Don't chase terms until you start having them come in especially if you have never dealt with keywords. You have no idea how the people buying your products will search until they do. I messed around with SEO and affiliate marketing before I did any ecommerce work. I had no clue.
When they do come in, take a top down approach and start bumping your site up for the terms you actually get hits for. I almost came up with a formula for why this works called PKEI or personal keyword effectivity index and it goes like this:
PKEI = (Amount of hits you get for the term) X (Your site's position in the SERP's for the term)
It's not that straightforward but that's the way it works. I wanted to write a post not work out the formula. If you get 100 hits a month for "green ipod" and your position is 10 in Google, that 100 hits is hiding a lot of potential. Moving to number one will blow you away. The move from #2 to #1 is rather dramatic also but not as much. And if you are on the second page of the results and still get a decent amount of hits, moving to the first page will open up the flood gates.

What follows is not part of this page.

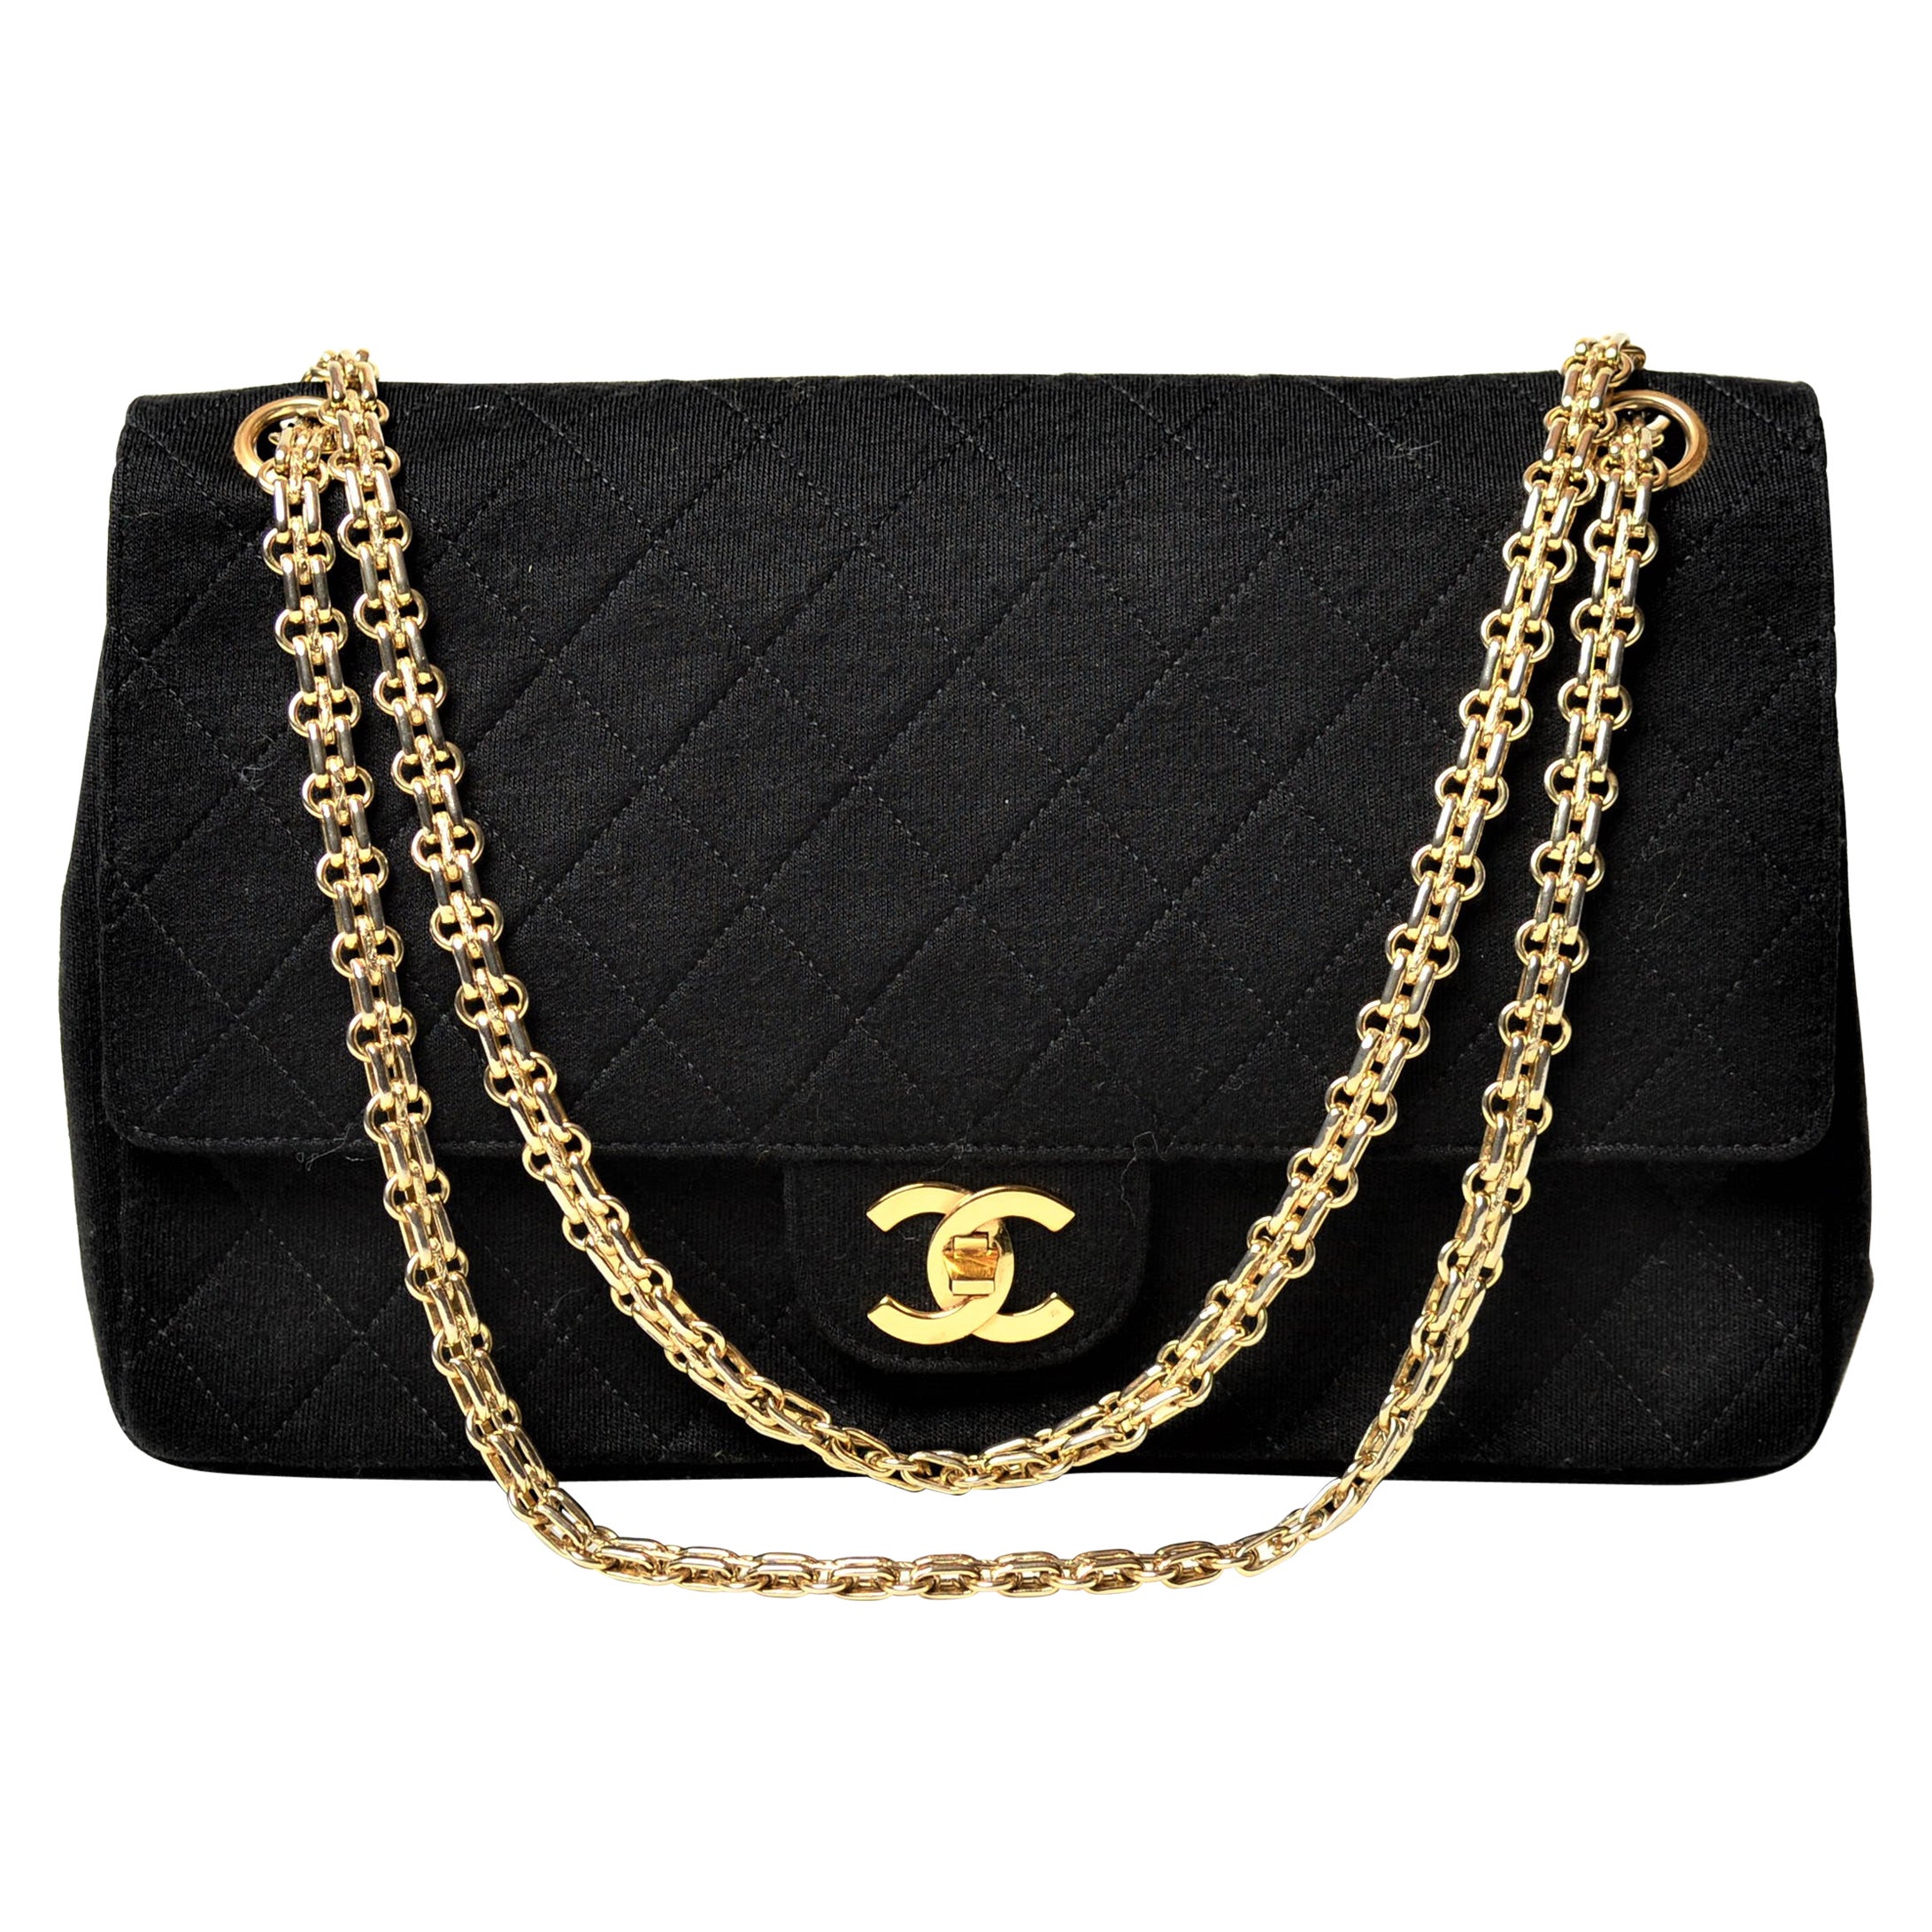 Chanel Classic Flap Jersey 2.55 Vintage Reissue Chain

Of course, this has to be balanced with your actual ability to increase a page's rank in the search engines. If you are on page ten and you still get hits for a term, yes, that term has potential, but can you move it that far. It's not really until you get on the first page that the changes start becoming dramatic.
- Optimizing Your Site For Hits You Already Get Part 1
- Optimizing Your Site For Hits You Already Get Part 2
Become Your Own Competitor
We have two sites that we sell on. For certain specific terms, our pages are the #1,#2,#3, and #4 results for the term. The first time I saw it, I laughed my ass off. We pretty much blanketed the first page.
The second site began because of a different product line worthy of it's own site, even though it was the same type product. The results were an accident.
Don't Just Sell
Write articles and put them on your site. Add a blog. Do something to get the people who are looking for answer's to a question your product solves to buy.
Ecommerce software is behind the times. I am going to tell you that right now. There is no Wordpress easiness to them. There is no SEO easiness to them without editing a mass of files. And you are basically stuck with the structure.
A blog in a subdirectory or subdomain lets you play a little. The amount of tweaking you can do to a product listing or category structure is limited. Use the blog as a strategic tool to bring in hits and direct search engine traffic.
Who Exactly Are Your Competitors
A great question to ask. We started out thinking that locksmiths and window installers anywhere were our competitors. Not so. We sell parts and we sell them to installers just as much a do-it-yourselfers. So we built a site connected to ours where installers can list their businesses. It helps them. It helps us. And it helps customers who bought a part and have no clue what to do with it.
And a lot of the times, your vendor is not your competitor. If you sell a lot of their products, give them a call and tell them a link from their site will help you sell more of their products.
Mimic More Competitive Industries
If it was easy to get your site where it is, it's not going to be for long. And you have just learned that there is really not much to learn from your direct competitors. Follow them so far. See where they get their links.
But then choose another industry. As an affiliate, I always followed porn, online gambling and home loans to name a few. Not that I was going to promote those products. But I figured if I used their techniques to promote what I was promoting, I would be ahead of affiliates in my niche.
Be an Early Adopter
There are new technologies coming out daily. You can be the first or you can cry when you are the last. Just because your niche is not tech related does not mean that the cutting edge technologies won't help you. Take a few leaps.